Homomorphism: Theory and Examples

A notable mathematical property of this system is that the mapping from queries (Q) to result sets (R) is a homomorphism. This means:

  1. Operations on queries translate directly to operations on their corresponding fuzzy result sets.
  2. If you have queries Q1 and Q2, and their corresponding result sets R1 and R2, then: [ \Phi(Q1 ,\text{and}, Q2) = \Phi(Q1) ,\text{and}, \Phi(Q2) = R1 \cap R2 ] where the and operation on results is applied element-wise to their membership values.

Example:

  • Suppose Q1(d) assigns a relevance of 0.8 to document d, and Q2(d) assigns 0.6.
  • Q1 and Q2 would assign min(0.8, 0.6) = 0.6 to d.
  • Likewise, the result sets R1 and R2 induced by Q1 and Q2 would yield a result R = R1 and R2 that has the same minimal intersection membership.

This property ensures consistency and predictability: whether you combine fuzzy sets at the query level or at the result level, you arrive at the same final degrees of membership.

Non-Invertibility:
While we can map Q to R, we cannot uniquely recover Q from R. Different queries may produce identical result sets, so the process is not invertible.

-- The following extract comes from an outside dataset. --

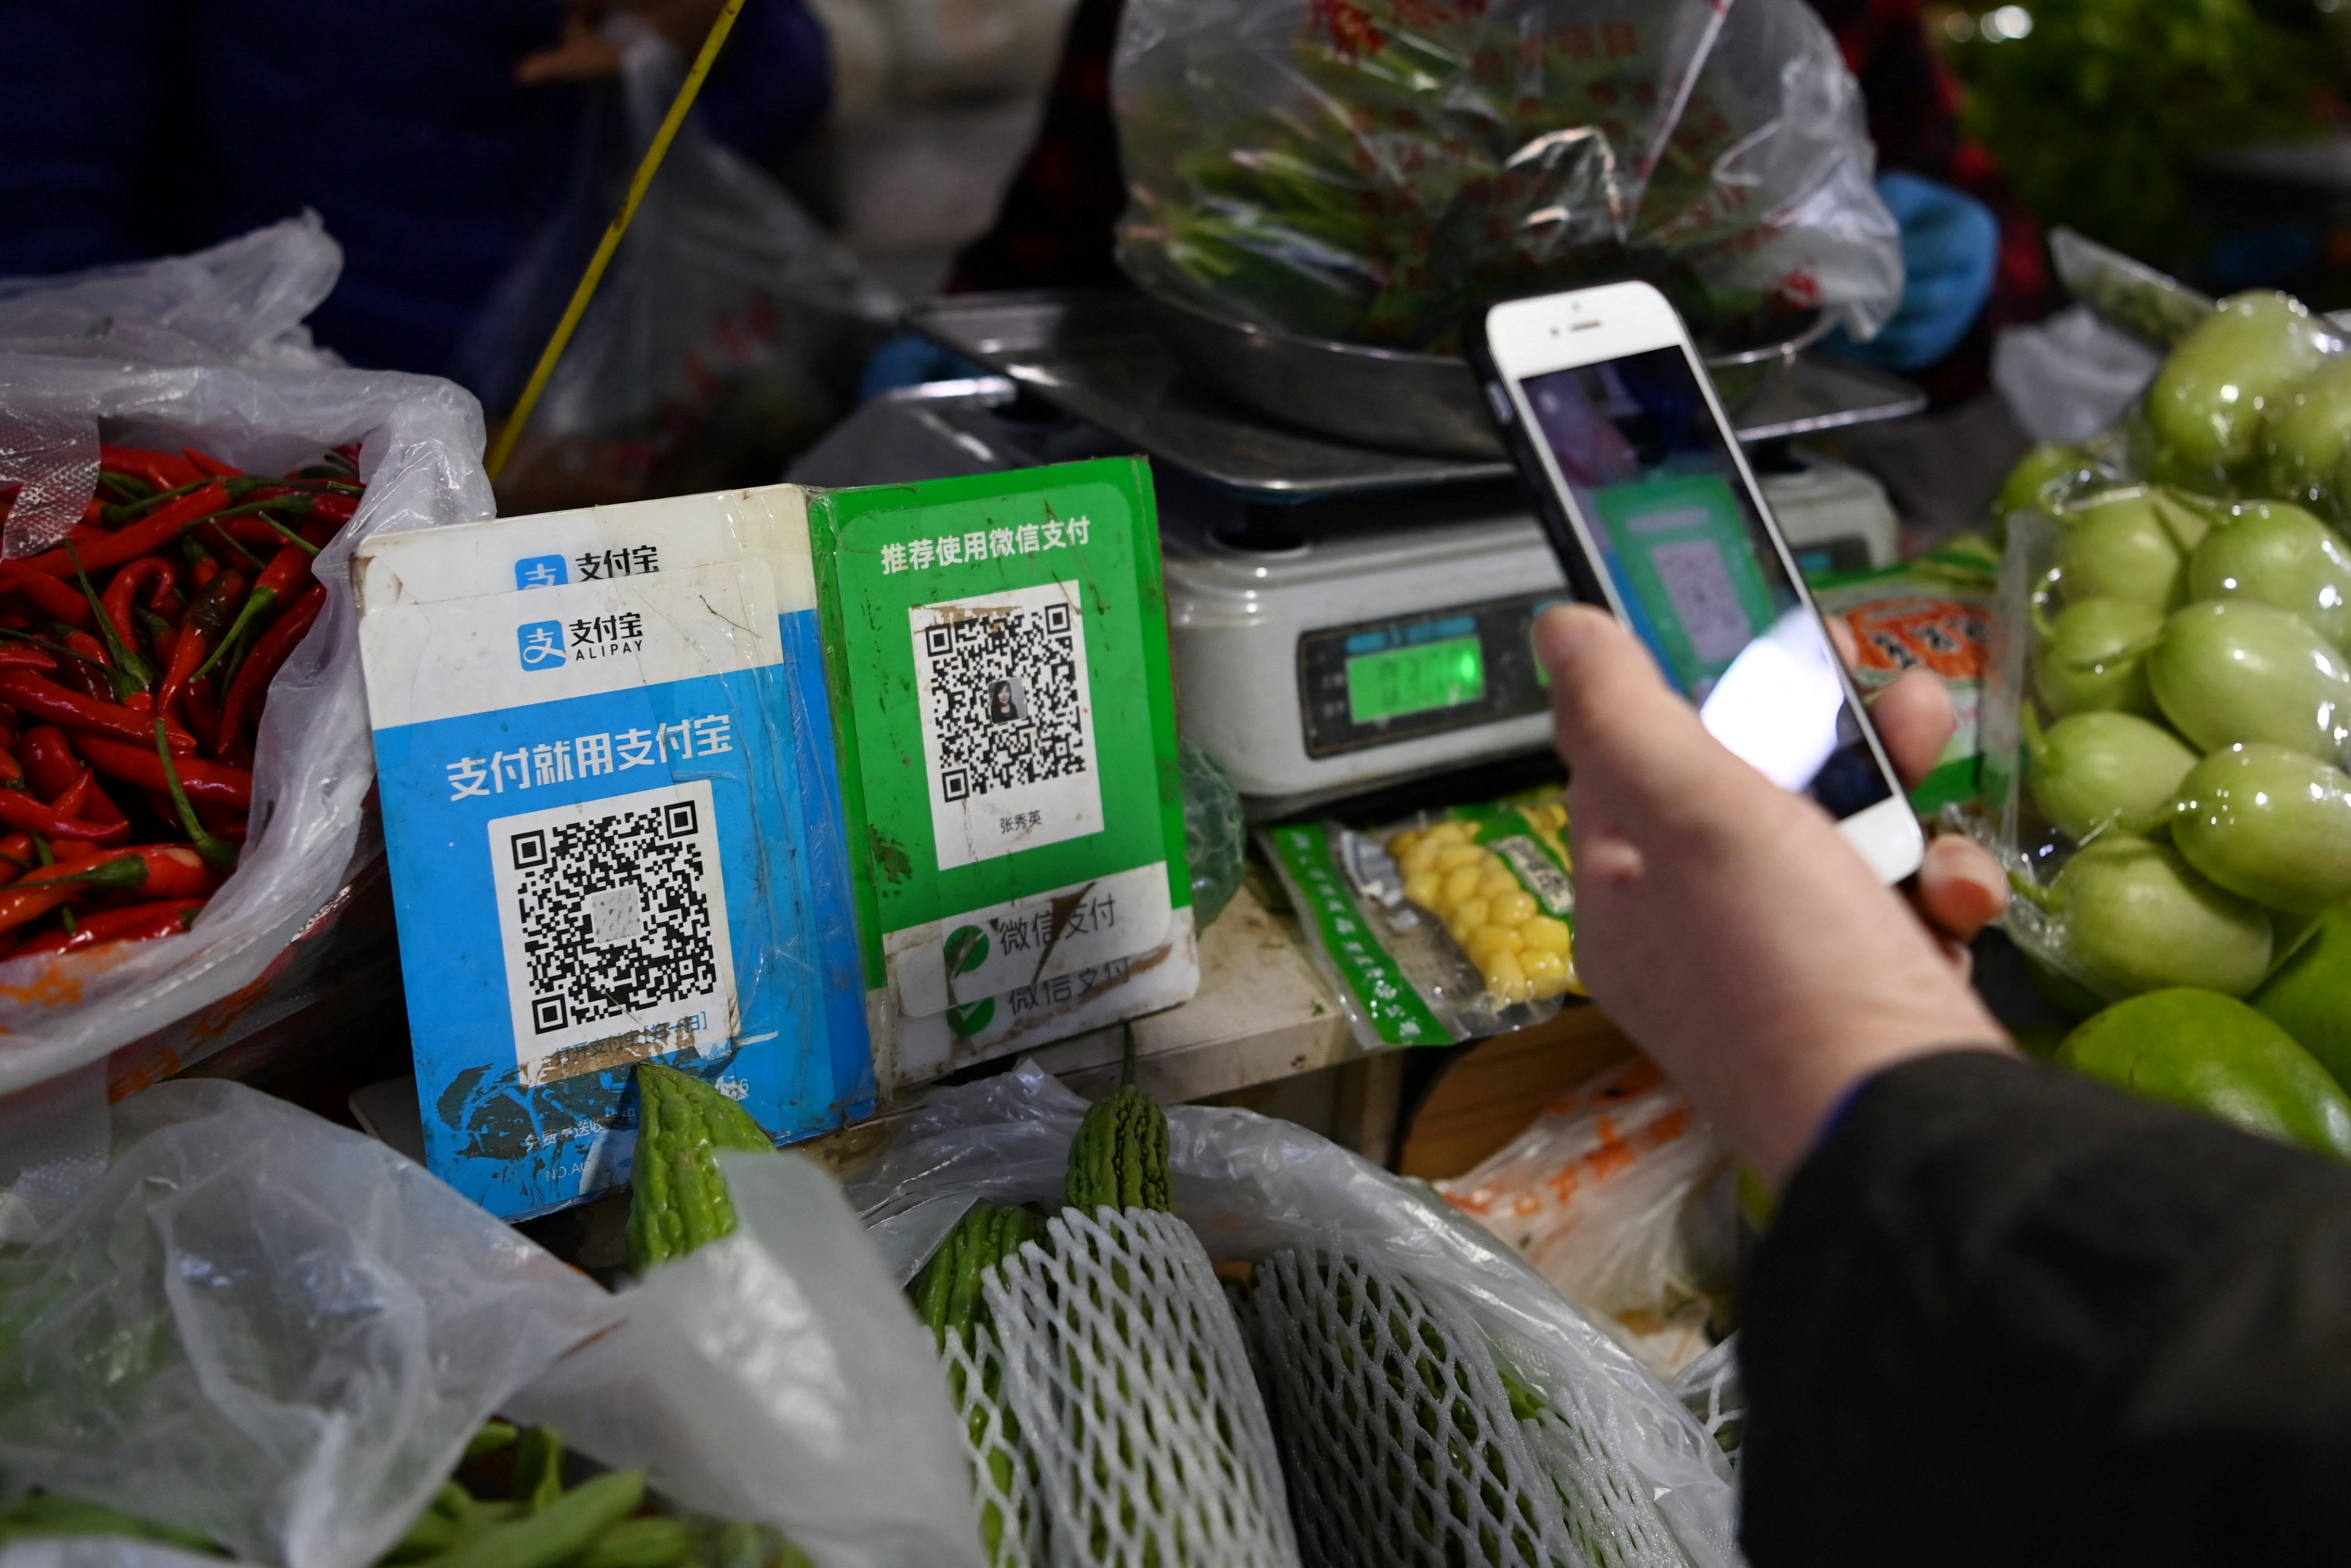 A customer pays for produce in China via QR payment code scanned by her smartphone. Photo: AFP

Evaluation and Post-Processing

Evaluating a query Q over a document set D yields a fuzzy set R: [ R = {(d, Q(d)) \mid d \in D } ]

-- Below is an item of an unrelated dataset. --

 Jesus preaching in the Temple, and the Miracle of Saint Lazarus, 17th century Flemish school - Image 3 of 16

Since both queries and results are fuzzy sets, you can post-process R using the same operations:

  • Apply logical operators to combine multiple result sets (R = R1 and (not R2)).
  • Use modifiers on results directly (very R), sharpening or broadening the final membership values without re-running the original queries.

This flexible architecture encourages iterative refinement, experimentation, and dynamic adjustment of search results after the initial computation.


Examples

Simple Structured Query:

(field age (> 25))

For a document {"age": 30}, this might yield a high membership (close to 1.0), while {"age": 20} might yield a lower membership (0.0 if crisp, or a partial score if using a graded comparison).

Compound Query:

(and
  (field address.city (== "New York"))
  (not (field age (< 25))))

This increases membership for documents whose address.city closely matches "New York" and whose age is not less than 25, combining these conditions fuzzily.

Post-Processing: If R1 results from Q1, and R2 from Q2, you can form a new result set:

R = very (R1 or R2)

This applies the or (max) operation at the result level and then the very modifier to emphasize top matches.


Applications and Use Cases

  • Search Engines: Instead of returning a binary match, yield graded results that reflect partial matches and relevance strength.
  • Recommendation Systems: Combine multiple user preference queries fuzzily, weighting attributes like price, popularity, and genre to produce a nuanced recommendation score.
  • Data Analysis: Query large JSON datasets or plain text corpora with flexible, human-like reasoning, enabling exploratory data analysis and gradual refinement of search criteria.

Future Directions

  1. Adaptive Defuzzification: Map membership scores back to linguistic categories (e.g., "highly relevant", "mildly relevant") for user-facing explanations.
  2. Advanced Similarity Measures: Integrate vector-based semantic similarity or machine learning–derived embeddings to produce more meaningful fuzzy matches.
  3. Performance and Indexing: Scale to larger datasets with indexing and caching strategies, ensuring efficiency without compromising fuzzy logic principles.

References

  • Zadeh, L. A. (1965). Fuzzy sets. Information and Control, 8(3), 338–353.
  • Klir, G. J., & Yuan, B. (1995). Fuzzy sets and fuzzy logic: theory and applications. Prentice Hall.
  • Zimmermann, H.-J. (1996). Fuzzy set theory—and its applications. Springer.

fuzzy-logic-search offers a unified, theory-driven approach to querying documents—both structured and unstructured—through the lens of fuzzy logic. It encourages a more nuanced view of relevance, supports extensibility through custom predicates, and maintains a homomorphism between queries and their result sets. Ultimately, it stands as both a pedagogical tool and a practical system for modern information retrieval scenarios.